Why Your NPS Probably Isn’t Inspiring Anyone

Jul 15, 2020 · 3 min read

This article was originally published December 13th, 2019

I was recently prompted by this excellent white-paper to read Adam Alter, Associate Professor of Marketing at NYC Stern School of Business, on The Psychology of Ignoring a Super-threat. The chaps at CCMC hypothesise — with the help of Alter’s perspective on why climate change, despite the scale of threat, is still a tough sell — that NPS is failing to drive action because though a super-threat may be present in the business, oversimplified non-contextual numbers fail to embolden leadership to act.

They give three possible related reasons:

  1. NPS as an indicator may be too general to capture the attention and imagination of the organization.
  2. NPS may not promote accountability because it’s not tied to specific phases of the customer lifecycle or individual functional areas of the organization.
  3. NPS doesn’t create an economic call to action that is credible to Finance and Marketing.

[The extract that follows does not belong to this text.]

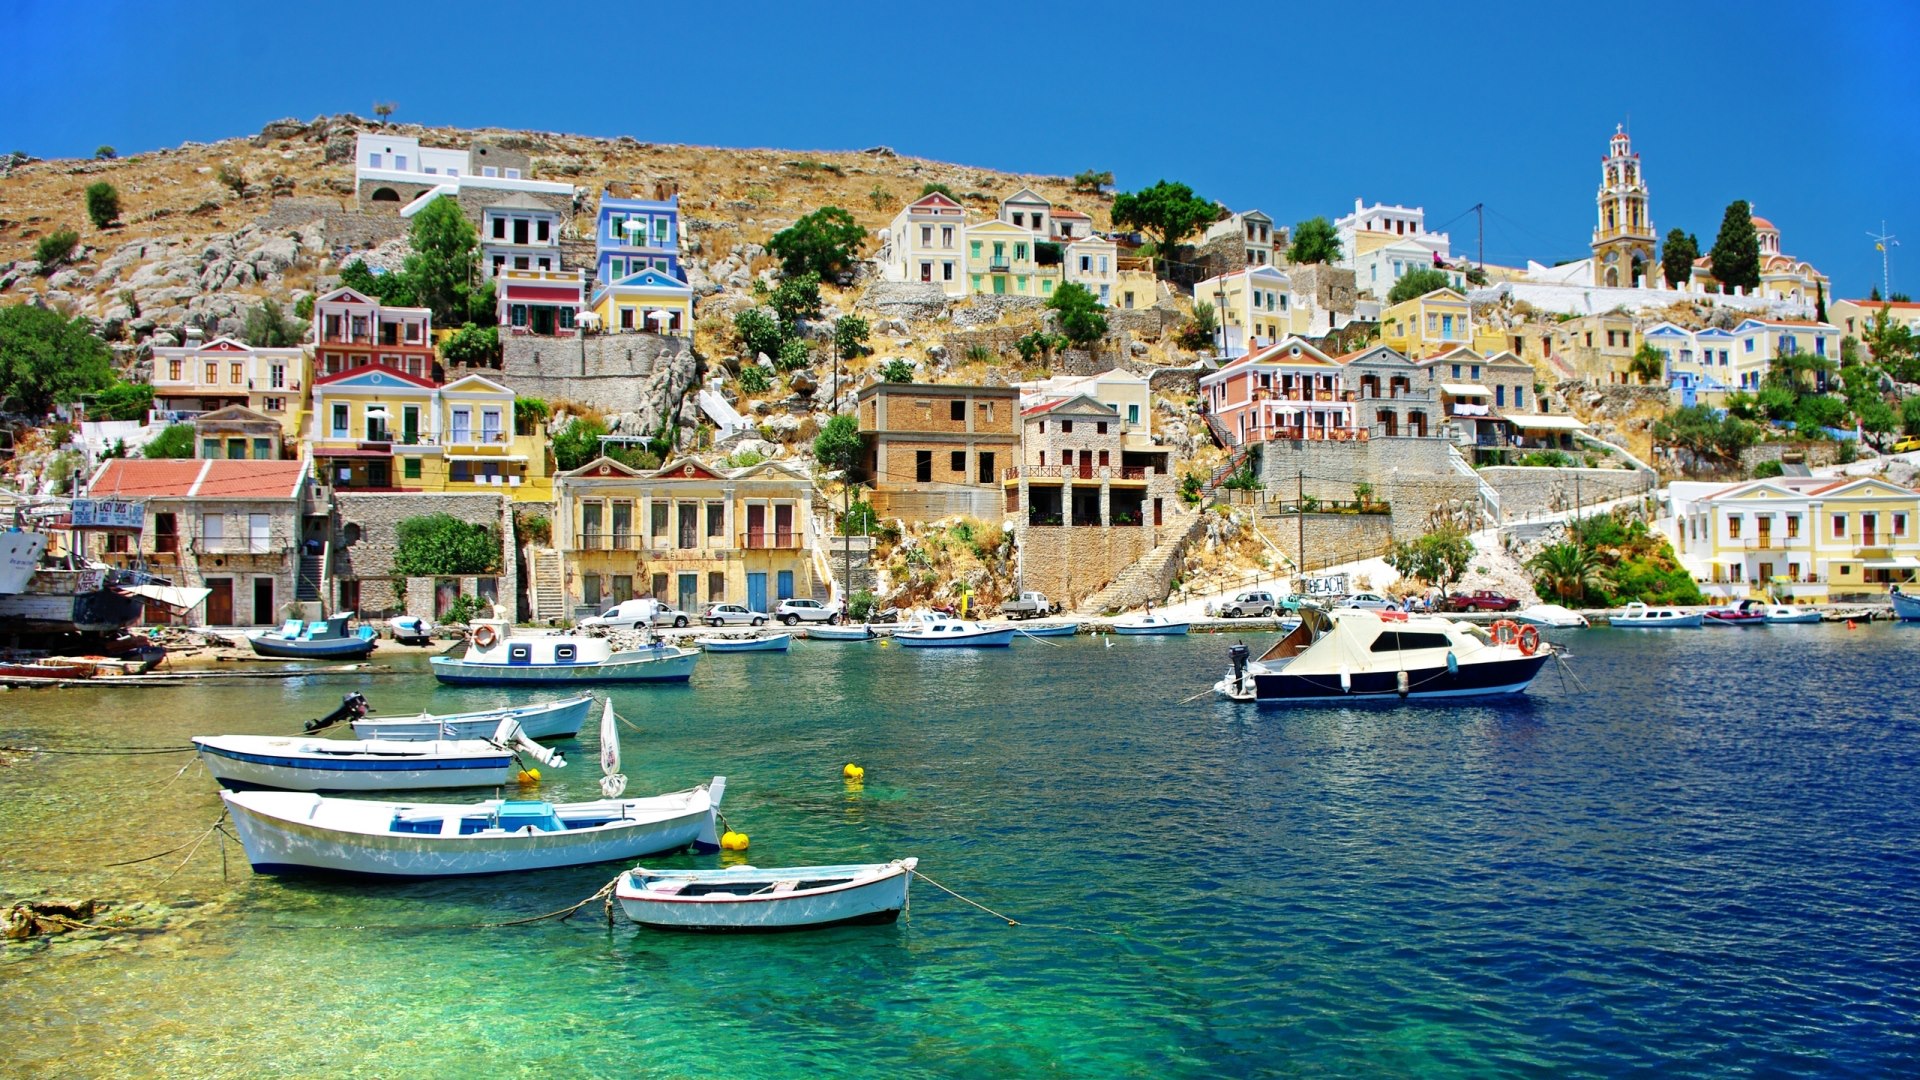 Οι 10 ελληνικοί προορισμοί που προτείνει η Guardian για διακοπές μετά την πανδημία

Lack of context is at the root of all three of these things, as it is for many for climate change. Sure a lonely polar bear on a chunk of ice is a bit sad, but unless that polar bear is about to bite your face off, the threat of climate change can remain abstract. Context is all, NPS without the context of specific threat or specific opportunity is dangerously abstract.

“Hey Retailer X, your NPS is 52! Last month it was 50. Keep it up. Do you know Retailer Y’s score? If you do, have you any idea to which shopper missions, and in which need-states that applies? Versus your 52? You don’t? Ah well, keep striving to move the needle anyway!”

This is precisely why I made the numbers of Friction/Reward Indexing (FRi) contextual to your competitors. Action comes from both identifying gaps and then having a logical path to follow to close those gaps. NPS doesn’t do this, it is an ‘omnibus’ metric, a number that floats out of any context but it’s own. By stark contrast, FRi has competitive context baked into every number.

If we’re measuring CX, preference, loyalty (all good FRi candidates) then the results must prompt action. You can argue that bad scores in NPS do that and I’d agree with you, but if your NPS is that terrible then you probably have bigger issues. An individual customer’s low NPS is possibly a good indicator that something may be awry, but even then it’s instinctive, rather than data-proven whether a single low score is symptomatic of a wider malaise. We have built FRi to very specifically prompt action and to guide the direction of that action. It’s all context.

At it’s best, NPS sort of mumbles ‘there’s some smoke or something’ and then wanders off like a sulky teenager. Or it sends you a birthday card that reads “here’s to a great year, opportunity is OUT THERE!” but fails to include a map to ‘there’.

It is easier to find treasure if you know where it is. FRi marks multiple x’s on an actionable map. FRi shouts “FIRE” and then leads you to exactly the thing that is burning so you can either put it out or cook delicious steaks on it.

Omnibus numbers such as NPS are letting you down, that’s why FRi had to exist and why we need to look at the impact of both metrics on your business and customers.